The high cost of annotating vast datasets poses a significant challenge in object detection, hindering the development of robust models. By selectively annotating the most instructive samples, active learning has become a viable strategy for addressing this problem and improving model performance and labeling efficiency. However, the two main types of model uncertainty—epistemic, which captures the model’s uncertainty in classifying an object, and aleatoric, which addresses the inherent ambiguity in an object’s presence and location—are frequently not balanced in traditional active learning techniques. In this paper, we introduce DAAL (Dual Ambiguity Active Learning), a novel framework that quantifies and combines both epistemic and aleatoric ambiguity into a single, weighted score. Epistemic ambiguity measures the model’s indecision in assigning semantic labels, while aleatoric ambiguity assesses the conviction in object presence and localization. By combining these, DAAL selects the most informative images for annotation, optimizing model performance under limited labeling budgets.

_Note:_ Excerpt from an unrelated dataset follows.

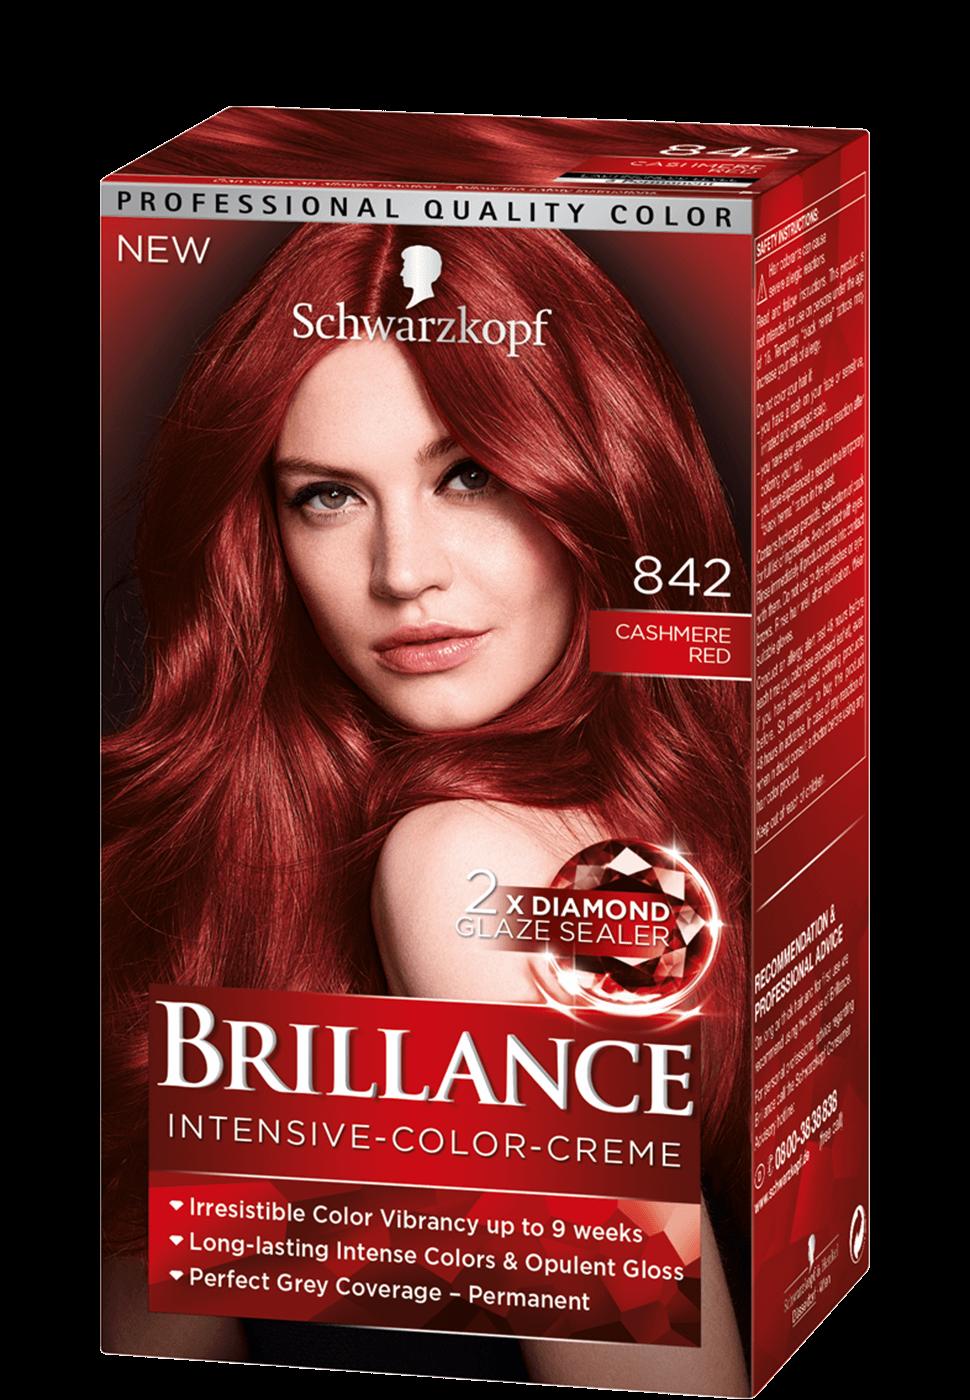 Brillance_com_intensive_color_

Extensive experiments on popular benchmarks demonstrate that DAAL consistently outperforms traditional methods, achieving superior accuracy under the same limited labeling budget. This affirms its effectiveness in creating more efficient annotation workflows for object detection.
ALMUS: Enhancing Active Learning for Object Detection with Metric-Based Uncertainty Sampling

Duc Tai Phan, Nhut Minh Nguyen, Khang Phuc Nguyen, Tri Pham, and Duc Ngoc Minh Dang

In 25th Asia-Pacific Network Operations and Management Symposium 2025 (APNOMS’2025) , Sep 2025

Abs

Object detection is critical in computer vision but often requires large amounts of labeled data for effective training. Active learning (AL) has emerged as a promising solution to reduce the annotation burden by selecting the most informative samples for labeling. However, existing AL methods for object detection primarily focus on uncertainty sampling, which may not effectively balance the dual challenges of classification and localization. In this study, we explore active learning for object detection, with the objective of optimizing model performance while substantially reducing the demand for annotated data. We propose a novel Active Learning with Metric-based Uncertainty Sampling (ALMUS) that works effectively for the object detection task. This approach prioritizes selecting images containing objects from categories where the model exhibits suboptimal performance, as determined by category-specific evaluation metrics. To balance the annotation budget across different object classes, we propose a dynamic allocation strategy that considers the difficulty of each class and the distribution of object instances within the dataset. This combination of strategies enables our method to effectively address the dual challenges of classification and localization in object detection tasks while still focusing on the rarest and most challenging classes. We conduct extensive experiments on the PASCAL VOC 2007 and 2012 datasets, demonstrating that our method outperforms several active learning baselines. Our results indicate that the proposed approach enhances model performance and accelerates convergence, making it a valuable contribution to the field of active learning in object detection.

2024

Improving Face Attendance Checking System with Ensemble Learning

Duc Tai Phan, Nam Phuong Tran, and Duc Ngoc Minh Dang

In 18th IEEE-RIVF International Conference on Computing and Communication Technologies , Oct 2024

Abs Code

In many industrialized countries, implementing an efficient face attendance checking system is crucial for effective staff management. The face attendance system nowadays encounters such problems. The biggest challenge to be concerned with is the various light and angle conditions, which can damage the performance of these systems. In this paper, we present an innovative approach that combines the results of GoogLeNet, VGGFace, and FaceNet to achieve higher accuracy through Ensemble Learning. With this solution, newer systems can achieve better results. Our system encompasses image capture, face detection, database management, and feature extraction for face recognition. All related code is available at https://anonymous.4open.science/r/Face-Attendance-Checking-2640/